» What you should do: In the listing that follows, give every line again exactly and omit the pictures.

» Supplied information:
===============

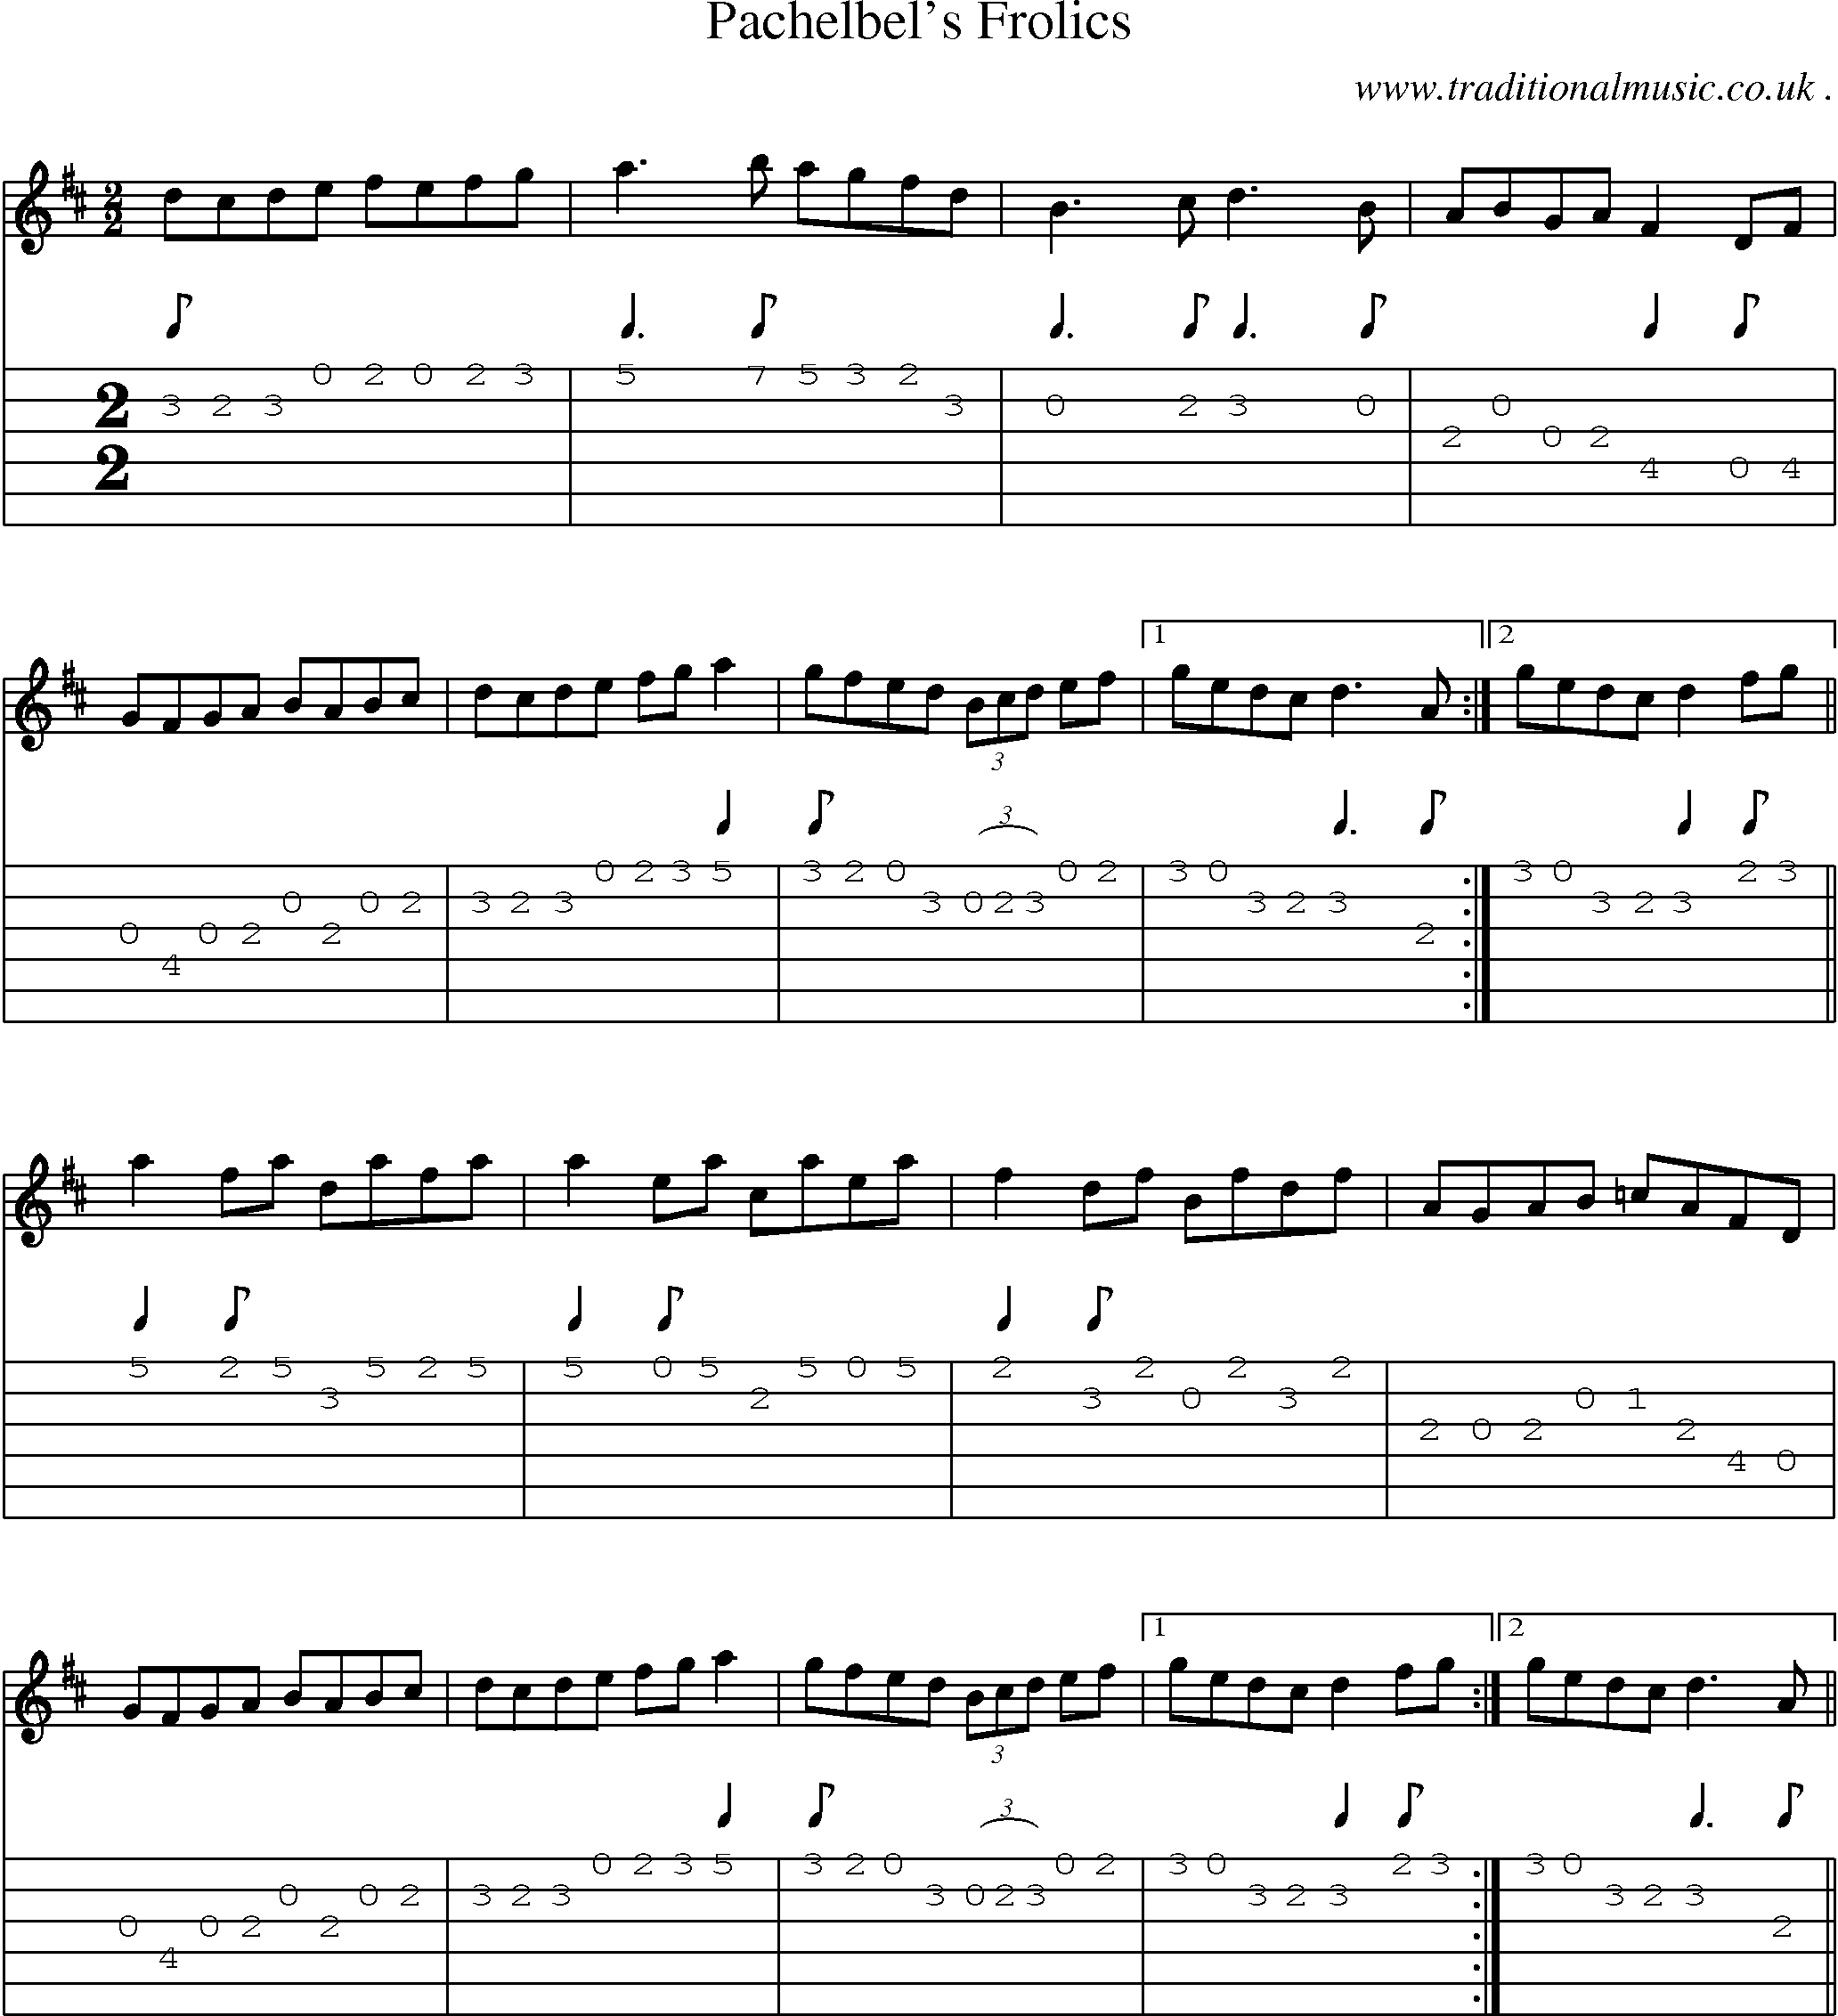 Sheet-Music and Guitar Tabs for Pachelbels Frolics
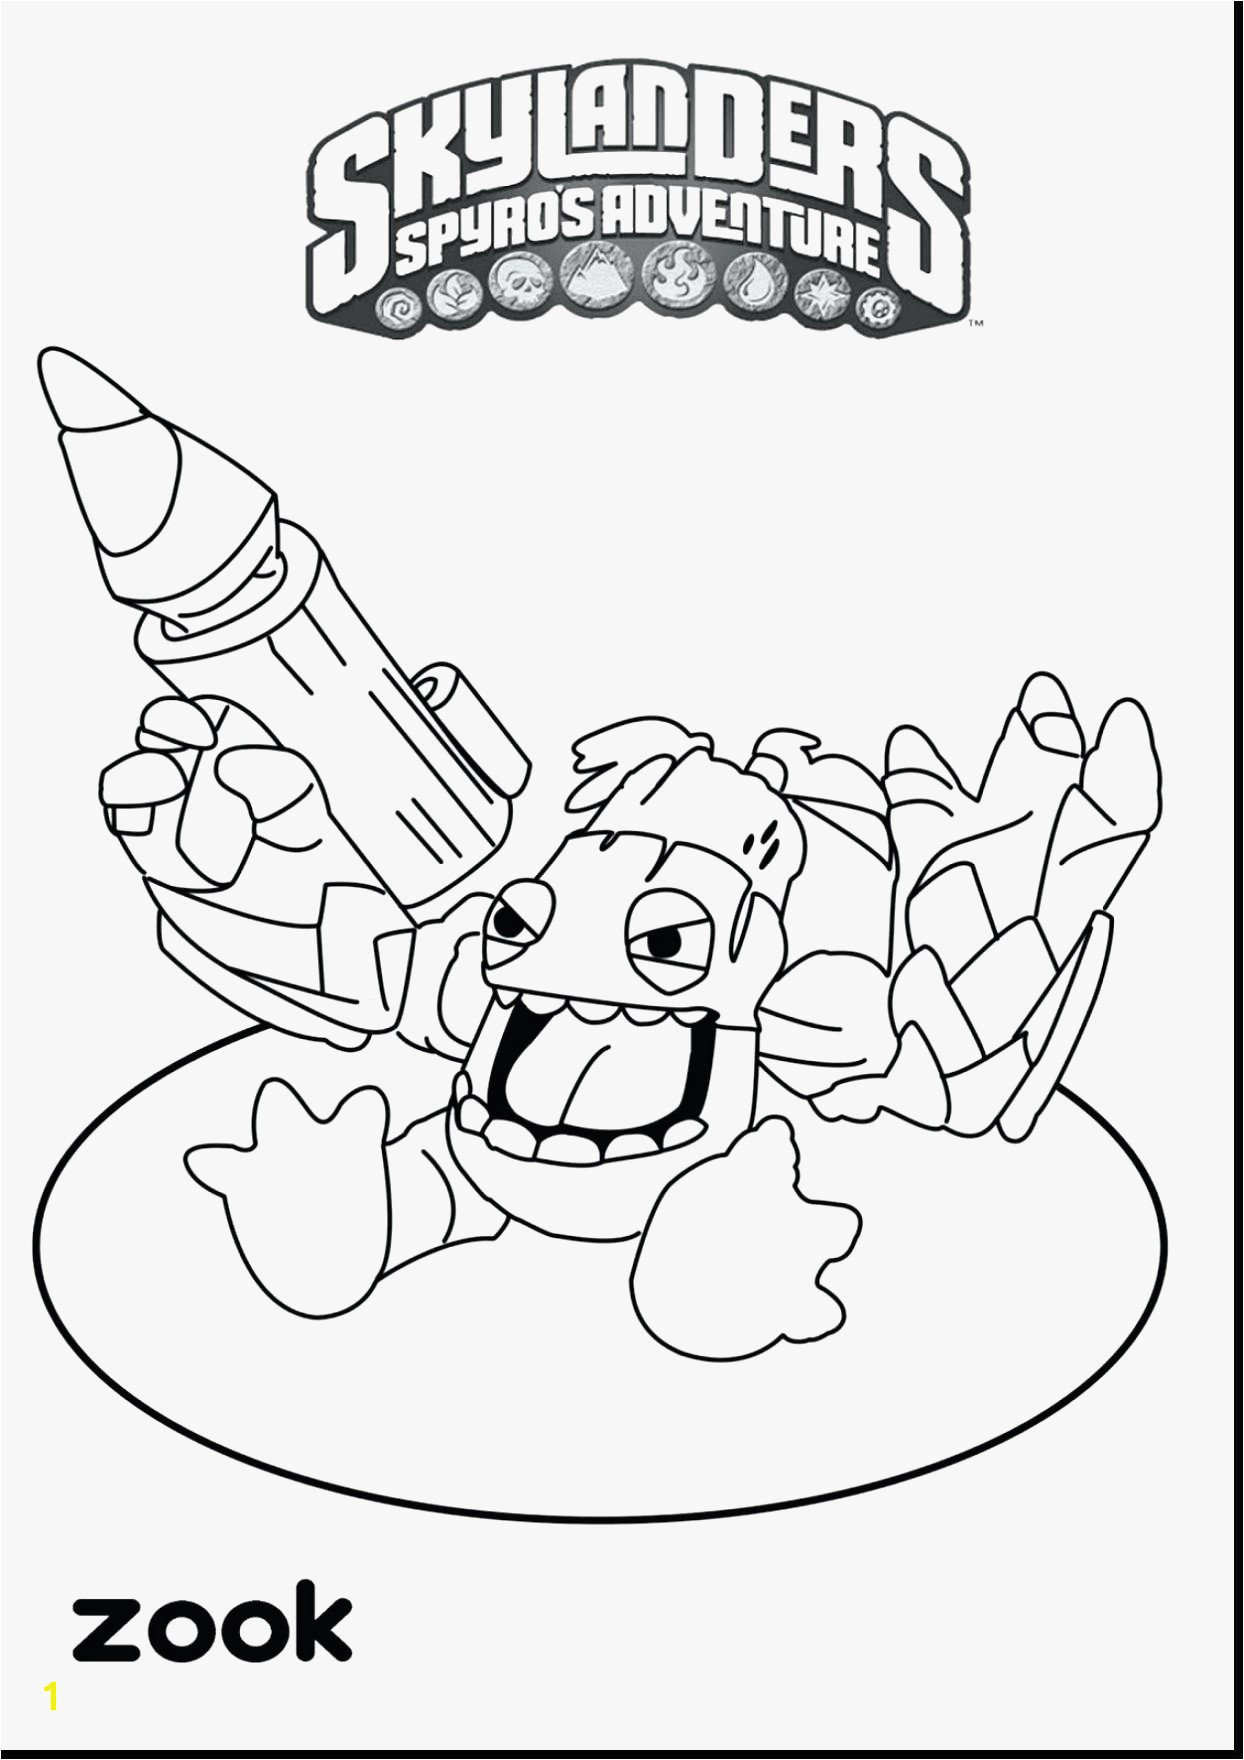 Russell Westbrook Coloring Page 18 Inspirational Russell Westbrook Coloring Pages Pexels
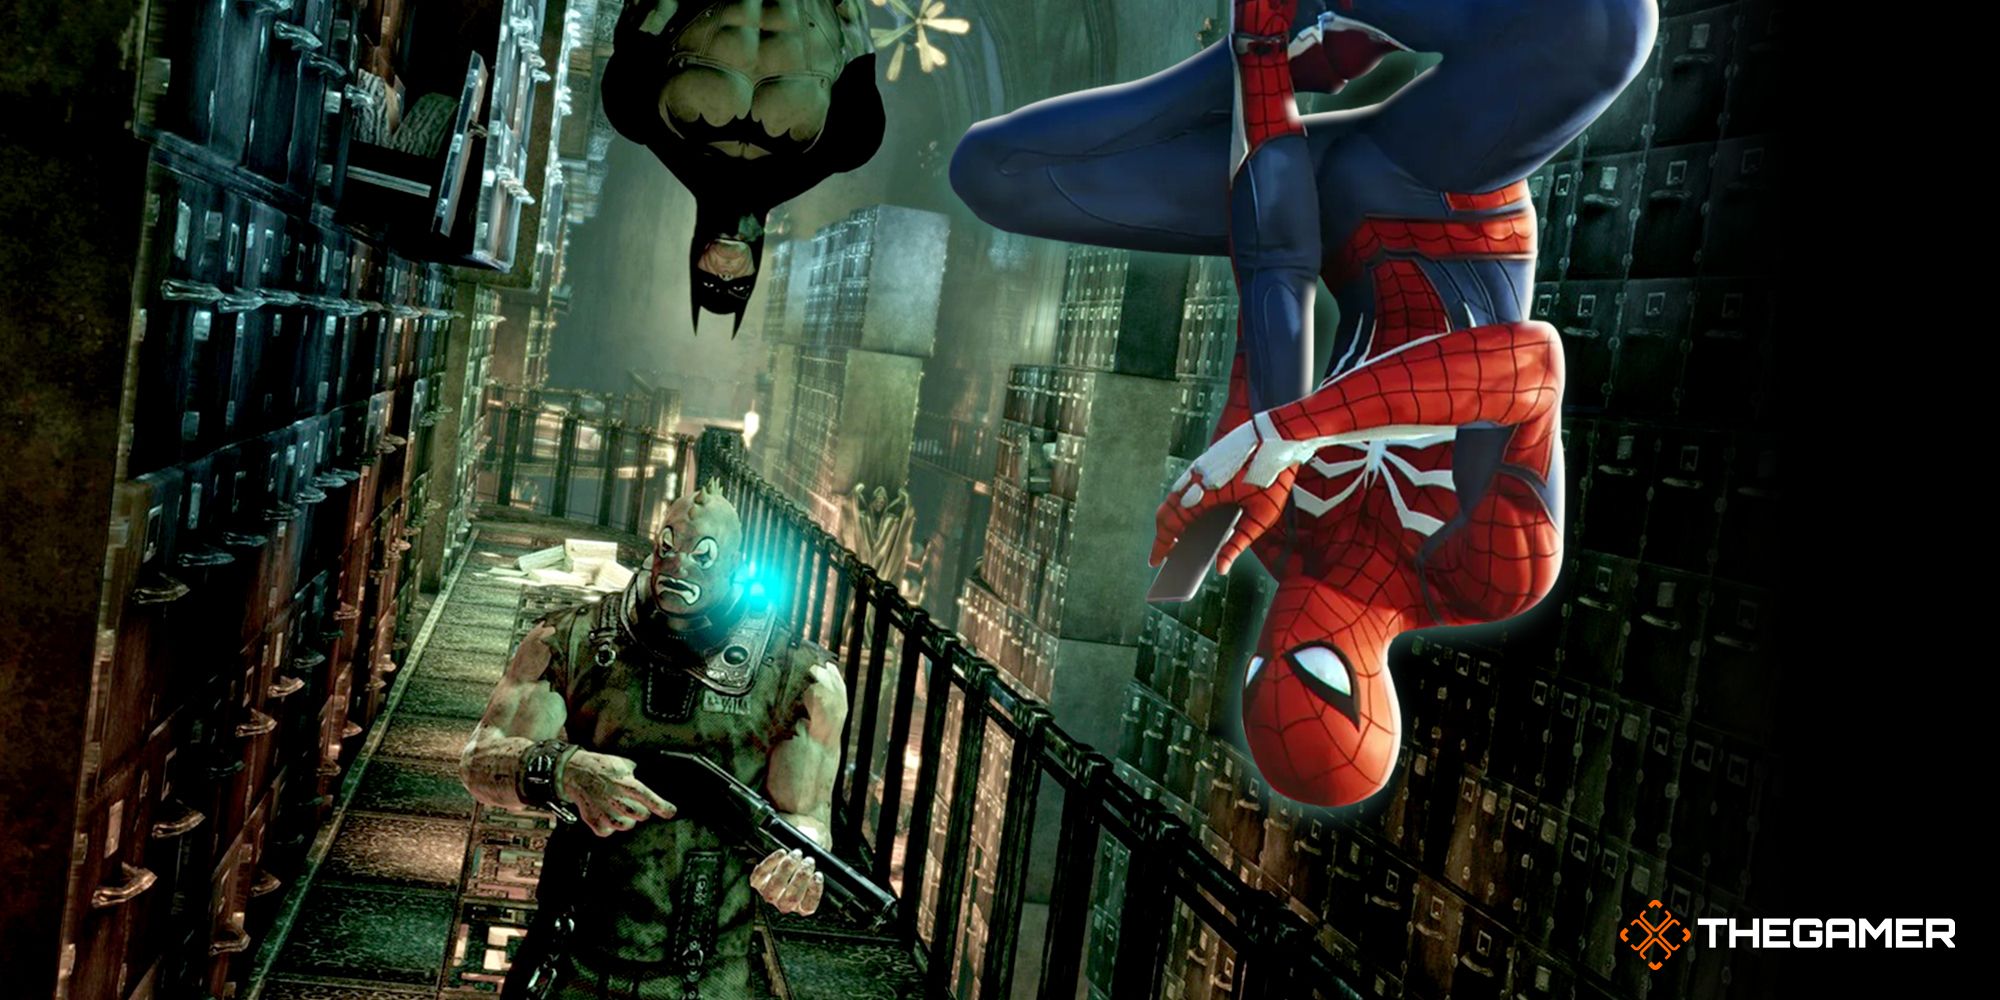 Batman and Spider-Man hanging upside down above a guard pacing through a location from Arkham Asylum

===============

» Written answer:
 Sheet-Music and Guitar Tabs for Pachelbels Frolics
 Russell Westbrook Coloring Page 18 Inspirational Russell Westbrook Coloring Pages Pexels
 Batman and Spider-Man hanging upside down above a guard pacing through a location from Arkham Asylum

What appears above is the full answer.